而二月以后,大燕的政治中心,儼然从南京转移到了扬州。
凡有志之士,纷纷选择离开南京,来到扬州寻找出仕的机会。
位於城外,长江之畔的国防部大楼,此时虽然夜深,却依然灯火通明。
相隔不远总理衙门大楼,此时透过窗看去,也有不少灯光明亮,显然有人在夜里加班。
徐观湘走到外交部的楼层,此时楼道里的官吏小跑过去,虚掩著的门內,能听到办公室里有人打电话的声音。
整个楼层都透露出紧张、繁忙的气氛。
推开房念林的房间门,徐观湘走进屋里,看著房念林正毕恭毕敬的站在那里,和电话之中的人匯报工作,意识到电话对面的人是谁,本来要出口的话连忙停下。
很快,房念林打完电话,对著徐观湘说道:“总署大人,下官怠慢了。
您快请坐!”
他小跑出来,邀请徐观湘在沙发前坐下:“王爷打电话来,询问了一下出使使团的人选是否选定。”“我也是为此而来,怀岫,出使的人选都选好了吗?”
徐观湘坐下以后,询问道。
房念林点头道:“出使朝鲜的使团已经选定,前往蜀中的使团人选大部分也已经確定,主使目前也筛选出数个人选,只是最终人选还没有敲定。”
“都有哪些人选?”
徐观湘问道。
“外交部外事司黄维、礼宾司赵玖。。”
房念林一连说出几个名字:“这一次北伐,朝鲜虽然重要,可相比蜀中的圣火教还差了很多。如果能说动圣火教於西路出兵北上,分散清军兵力,封住蒙古外援,就能给我们製造一个极为有利的环境!
所以,使团人选必须做足准备,慎之又慎。”
房念林出仕便在军中,多年下来,对於军中诸事早已经熟稔。
徐观湘点头赞同。
圣火教於吴州算不上同盟,甚至作为圣火教而言,如今天下吴州在获得武昌大捷以后,明显势大。对方会不会选择与吴州同盟,甚至会不会选择与清廷结盟来对付吴州,这些都犹未可知。
出使蜀中的使团,既要承担著很大风险,还要真正能说会道,有三寸不烂之舌才行。
“我倒是有个人选。”
徐观湘说道:“此人如今还在南京,做工部尚书,景顺十年曾出使蒙古诸部,闯下不小名声。”“徐总署所说的,可是吴正吴阁老?”
房念林猜道。
此人曾经受到廷推入阁,但受到崇寧帝厌弃,又被打发出去,到了南京以后又起工部尚书,算是几起几落了。
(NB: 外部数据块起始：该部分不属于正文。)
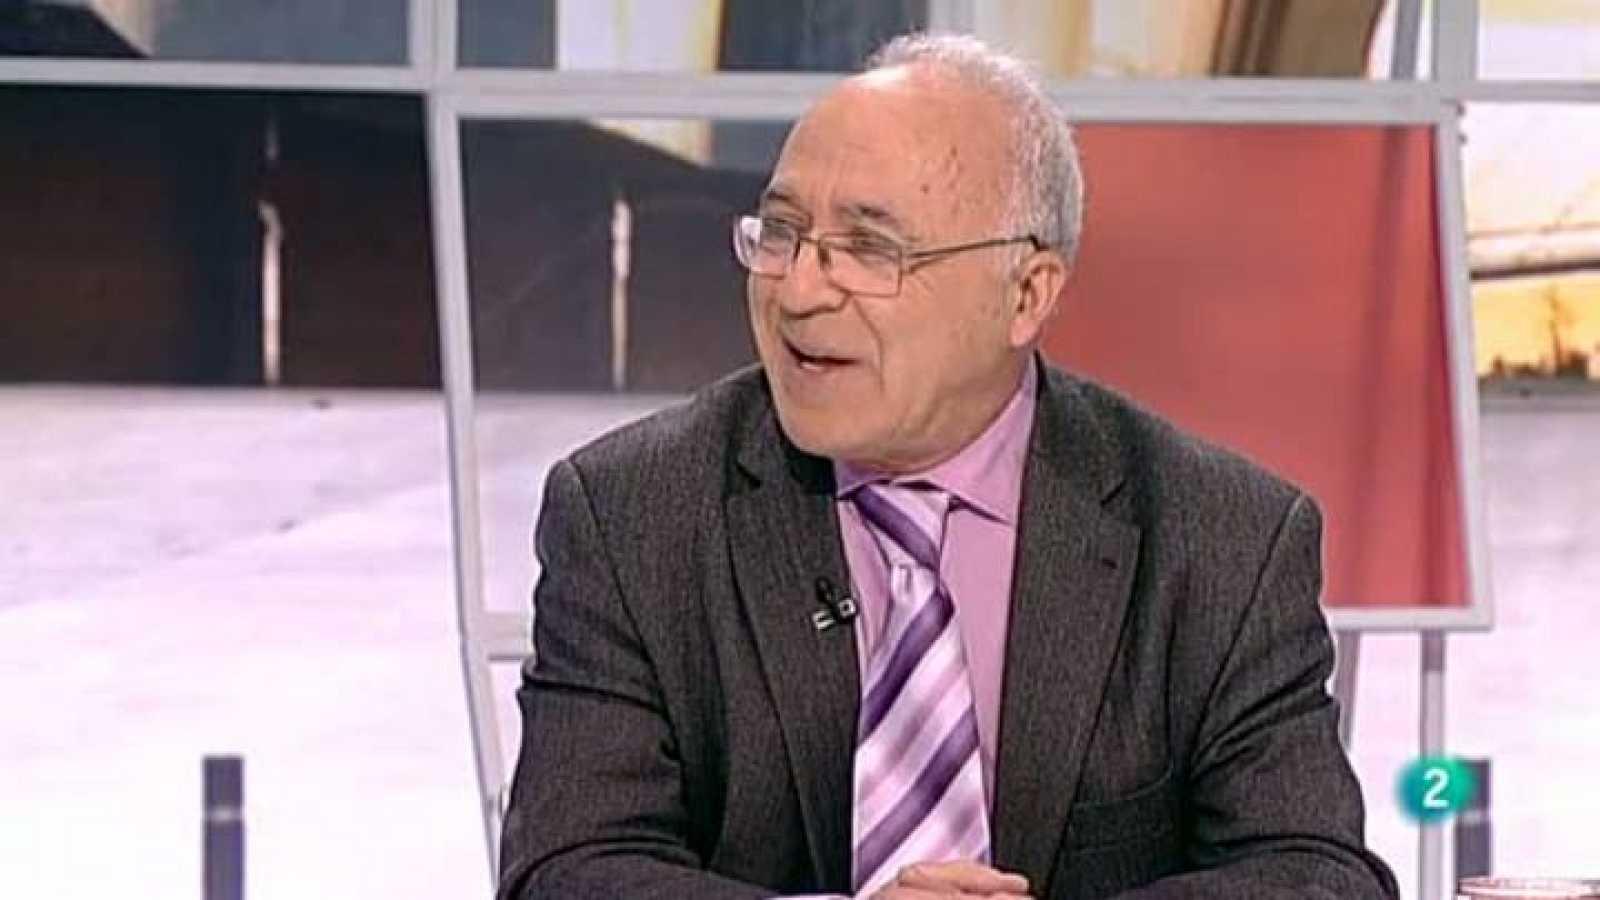 Para Todos La 2 - Entrevista a Juan José Tamayo sobre la conciencia crítica del intelectual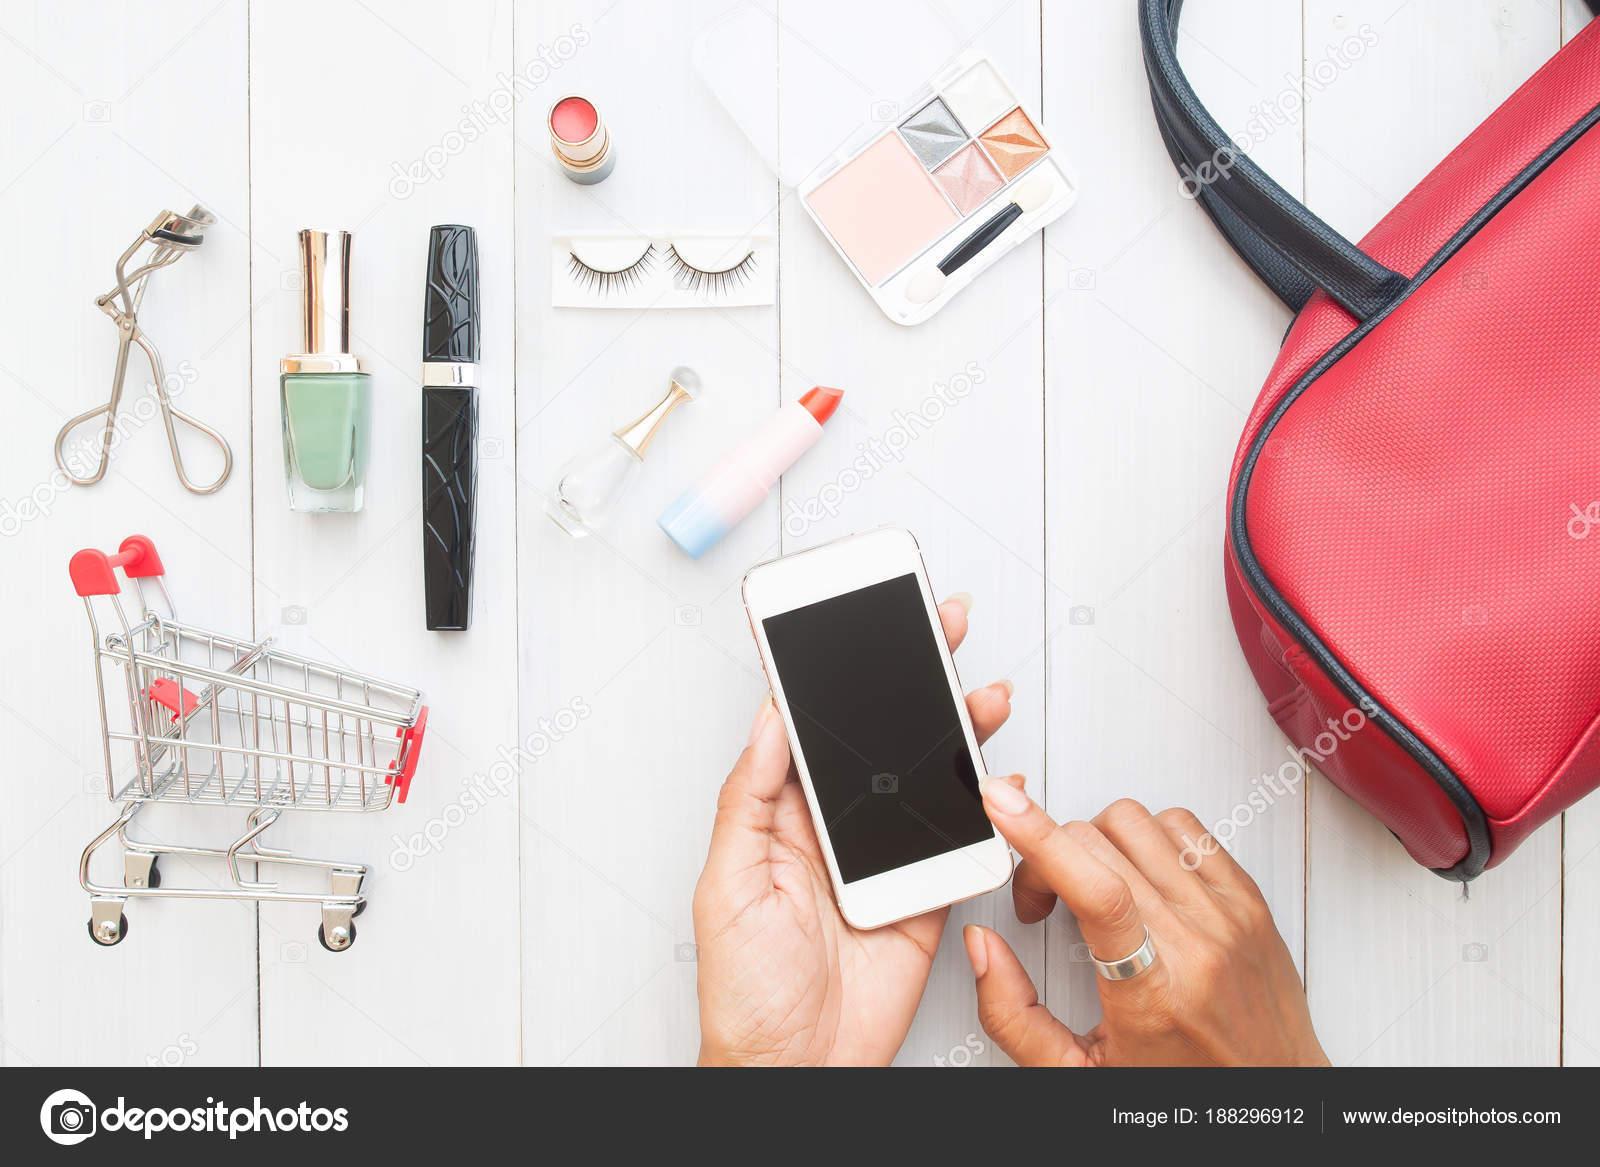 7965ebc4a7fc0b Frau Hand berühren Bildschirm auf mobilen Gerät mit Warenkorb und Kosmetik  auf hölzernen Hintergrund, kreative flach legen Online-shopping-Konzept– ...

房念林对其了解,便是吴正当年出使蒙古诸部,遭到扣留威逼。他却能於王帐之中,持节不退,舌战诸部首领,陈说利害,最终不单全身而退,更促成了喀尔喀与察哈尔两部暂息干戈,因此在朝野间贏得了“铁齿铜牙”的称誉。
如果是此人的话,应该没有人比他更合適了!
“不错!”
徐观湘说道:“我与他修书一封,吴正必然兴高采烈而来。”
“如此,就拜託总署大人了!”
房念林起身拱手行礼道。
国防部,一处宽阔的大厅之中。
秦明、吕四海、梁申等人,还有被特意邀请来的张谦,以及七八个隶属於国防部的高级参谋此时匯聚一堂。
会议桌上,一副巨大的舆图,吸引著眾人的目光。
胡常山忙碌完与东阳府的王大成、赵崢的通讯以后,也来到了这一处战爭司参谋室中。
“胡大人!”
眾人纷纷起身迎接。
“都坐!”
胡常山在主位坐下:“我今天得到消息,前几日北京城,早朝时黄台吉受到清廷老臣詰问。並打算与吴州划江而治。
但这是他们的痴心妄想!
王爷说了,接下来的北伐战爭我们必须速决。
清军二十万主力被全歼於武昌,內里必然虚弱,我们韜光养晦两年有余,如今粮多將广,北伐正是时机我们晚一天,北方就遭受的破坏就更多一分,属於汉人的財富就更少一分,中原百姓受到的压迫就更狠一分。”
“这说明,黄台吉的威望受到了影响,清廷人心不齐。”
张谦说道:“这一次战爭过后,清廷高层怕是夜不能寐了。王爷所言,高瞻远瞩,正是老成谋国直言!胡常山轻轻点头,眼眸看向了桌面上展开的北方舆图。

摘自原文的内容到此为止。